Although there are several evidence-based cost-effective interventions for people with opioid use disorder (OUD), they are underutilized. Questions remain regarding intervention selection, and cost of service delivery. Simulation modeling offers an opportunity to support decision making to address the syndemic of opioid overdose, HIV, and hepatitis C (HCV). In an article recently published in the International Journal of Drug Policy, the OUD Modeling writing group described the benefits of using simulation models for OUD-related clinical and public health decision making and the different types of simulation models available. They also identified the need to collect and synthesize local data to model sub-epidemics and calibrate models to support local decision making.
The authors outlined several benefits of simulation modeling that allow researchers to study scenarios that would not be possible to study in the real world at the necessary pace required for decision making. Simulation models can translate results from small-scale trials to the population level. They can also be used to explore uncertainty regarding current knowledge in order to highlight important individual-level, and system-level factors that drive outcomes. In doing so, they can explore the health effect and costs of different intervention combinations over long periods of time that exceed what would be feasible during a clinical trial. Additionally, models can examine benefits and costs from multiple perspectives such as the healthcare system, the criminal justice system, or the broader societal perspective. This can help inform the priorities of future research and provide real-time estimates for policymakers to make decisions.

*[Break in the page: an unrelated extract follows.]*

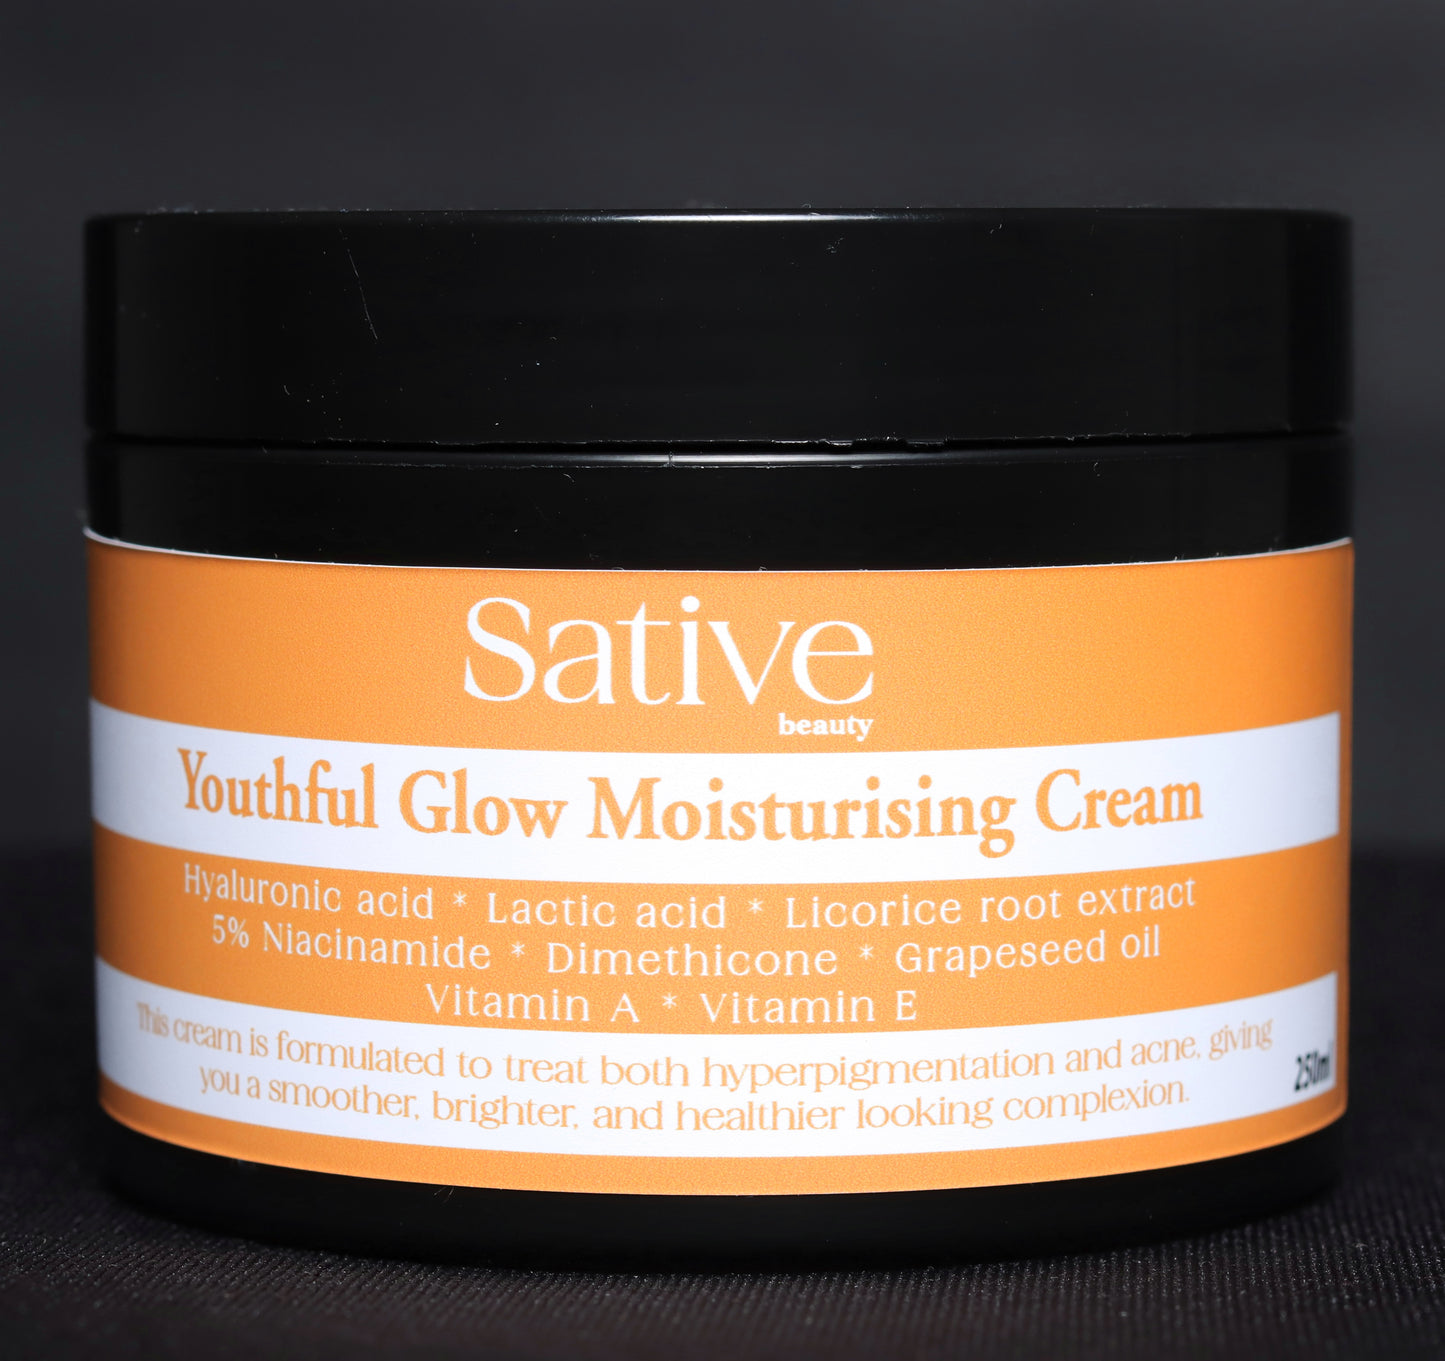 Youthful Glow Moisturising Cream

Model selection depends on the research question, whether the model needs to account for interactions between individuals, the time horizon, and the granularity of the data available. Various types of models can be used to address these questions, including Markov models, micro-simulation models, population-based compartmental models, and agent-based models. The authors provide examples of how model selection can be “fit to purpose.” CHERISH currently offers consultation services to provide guidance for building the appropriate model.
Ultimately, model selection also depends data availability. The opioid crisis in North America is made up of several local epidemics that vary regarding drug supply, demographic characteristics and treatment capacity. These factors affect intervention selection, the effectiveness of the intervention and the financial capacity for implementation and scale up. In order to inform policymakers at a local level, the authors identify the need for local context-specific data. For example, a recent study by CHERISH Research Affiliate Bohdan Nosyk and colleagues modeled local HIV epidemics in six US cities to recommend cost-effective intervention combinations that met local needs.
To maximize the impact of opioid models, the authors emphasize that substantial efforts will be required to collect, analyze, and synthesize the data needed to support model development. The authors encourage the modeling community to collaborate to share model code and pool resources to generate critical inferences; produce, adapt and cross-validate models; and effectively disseminate findings. They argue that the opioid crisis is unprecedented and the modeling community should recognize the need for a collaborative approach in order to respond as effectively as possible, while acknowledging the challenge to manage collaborations so that they produce timely results and address the questions of greatest relevance to policymakers at the local and regional level.